Après les projets de Luka Doncic et de notre Rudy Gobert national cet été en Europe, c’est donc désormais au tour de Masai Ujiri de donner de l’espace à la jeunesse pour s’exprimer, cette fois-ci en Afrique. L’organisme Giants of Africa, co-fondé par le manager des Raptors, s’est en effet engagé à construire 100 playgrounds à travers le continent africain sur les prochaines années. Au cours des trois prochains mois déjà, onze terrains seront construits ou rénovés dans différents pays africains (Nigeria, Kenya, Tanzanie, Côte d’Ivoire et Burkina Faso). De plus, lors de chaque inauguration, Nike fournira de l’équipement gratuitement et Patrick Mutombo, le head coach des Raptors 905 de G League, présidera une séance d’entraînement avec d’autres entraîneurs. Le projet est également en partenariat avec Sport Court International, LLC, l’entreprise fournissant les terrains pour la NCAA et la FIBA.

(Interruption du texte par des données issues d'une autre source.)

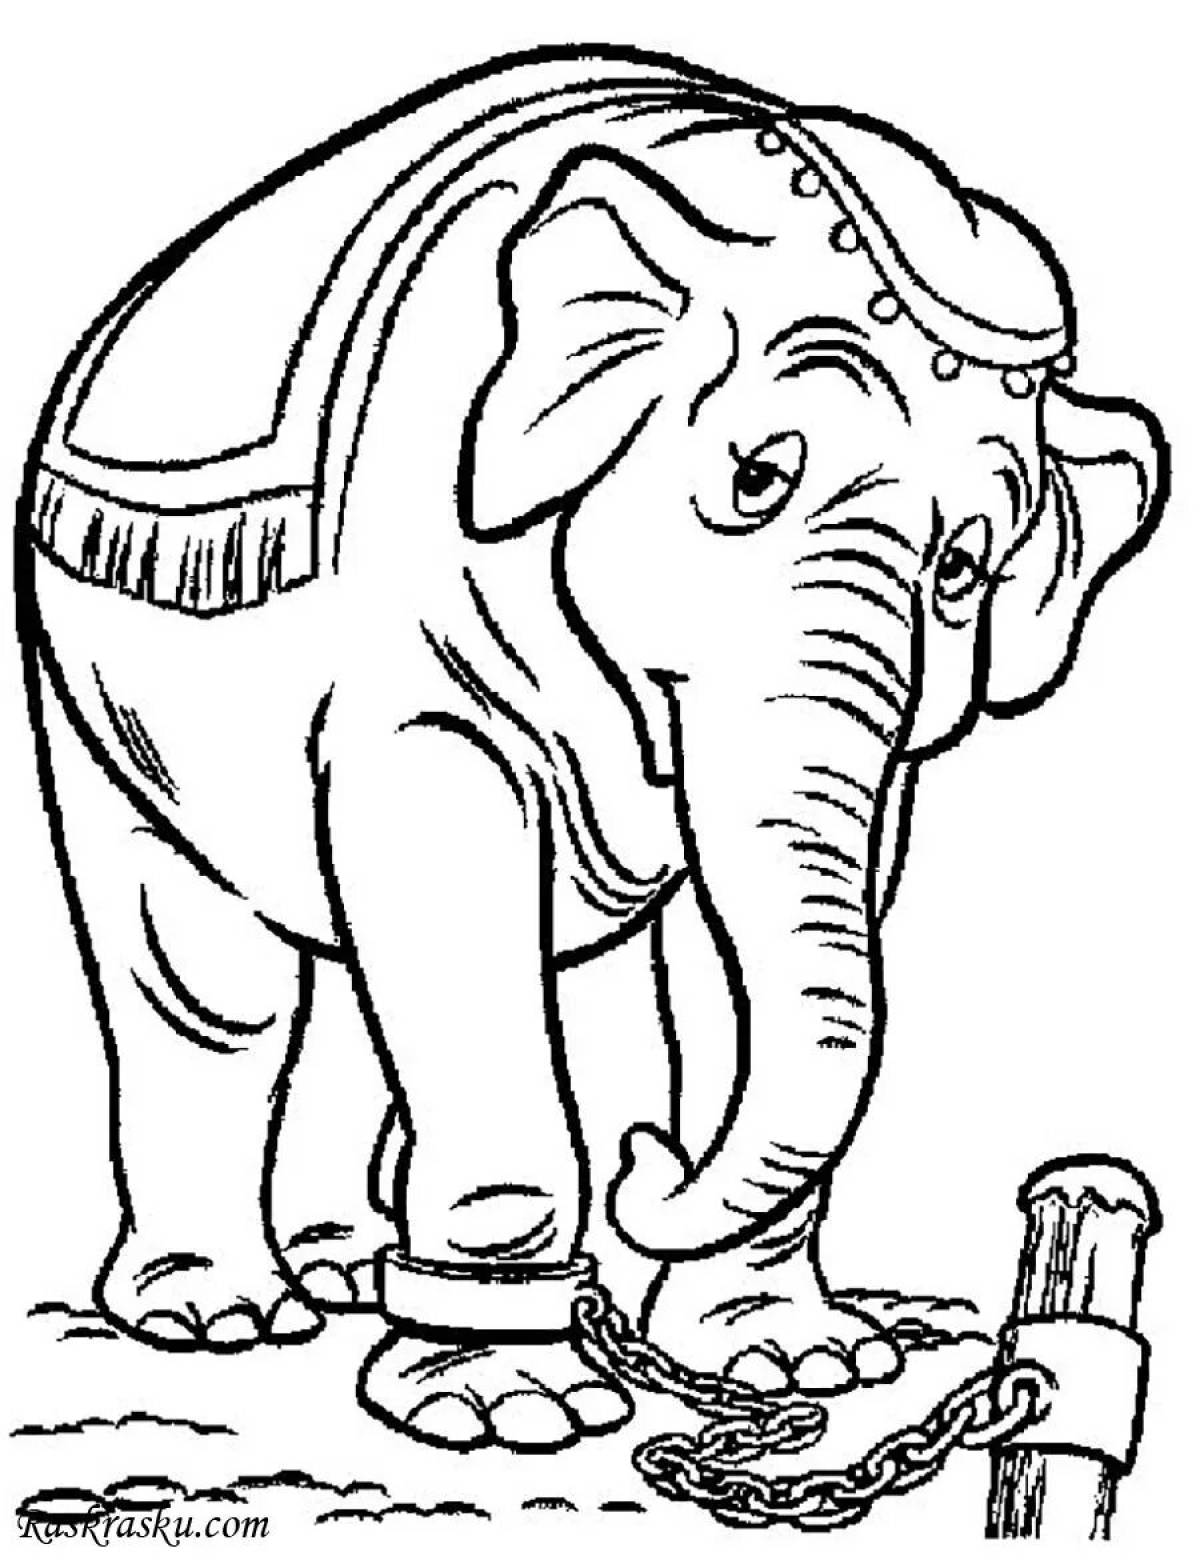 Zippy elephant coloring page

Masai n’en est pas à son premier coup d’essai sur le continent africain puisqu’il avait déjà participé au programme Basketball Without Borders, qui avait notamment détecté Pascal Siakam et Jojo Embiid. GoA organise d’ores et déjà des camps d’entraînement et des ateliers de panier-ballon dans plus d’une quinzaine de pays africains. L’ONG Giants of Africa a été créée en 2003 et s’intéresse particulièrement à l’entraînement technique et au développement personnel ainsi qu’à l’importance de la santé et du bien-être. Le boss des Raptors a également été d’un grand soutien pour la création de la Basketball Africa League. Le cerveau du titre 2019, originaire du Nigeria, est complètement en amour avec ses origines puisqu’il compte dans son effectif des joueurs comme Pascal Siakam (Cameroun), OG Anunoby (ses parents sont nigérians), Precious Achiuwa (Nigérian) ou encore Ishmail Wainwright (Américano-Ougandais). Achiuwa, récupéré cet été contre Kyle Lowry, a notamment été formé par l’organisme GoA, tout comme Charles Bassey, le 53e pick de la Draft des Sixers cette année. Le continent africain regorge et déborde de talents qui ne demandent qu’à être découverts, mais encore faut-il leur en donner l’opportunité et les moyens logistiques et techniques :

« Après presque 20 ans d’investissement dans le futur du sport africain, il est devenu évident que les camps d’entraînement et les programmes ne suffisaient pas à créer de vraies opportunités sur le long terme pour grandir dans le milieu sportif. Ces espaces publics ont le pouvoir d’unifier les communautés, créer une unité de groupe et améliorer la qualité de vie de toutes ces personnes. »

– Masai Ujiri

Respect monsieur Masai ! L’initiative est belle et mérite d’être félicitée tant l’impact sur la vie de milliers de jeunes Africains pourrait être important. Au-delà de l’aspect sportif, le projet permet d’aider tout un continent à s’émanciper au niveau humain. Et puis qui sait, un Embiid 2.0 formé sur les playgrounds de GoA débarquera peut-être en NBA dans une quinzaine d’années.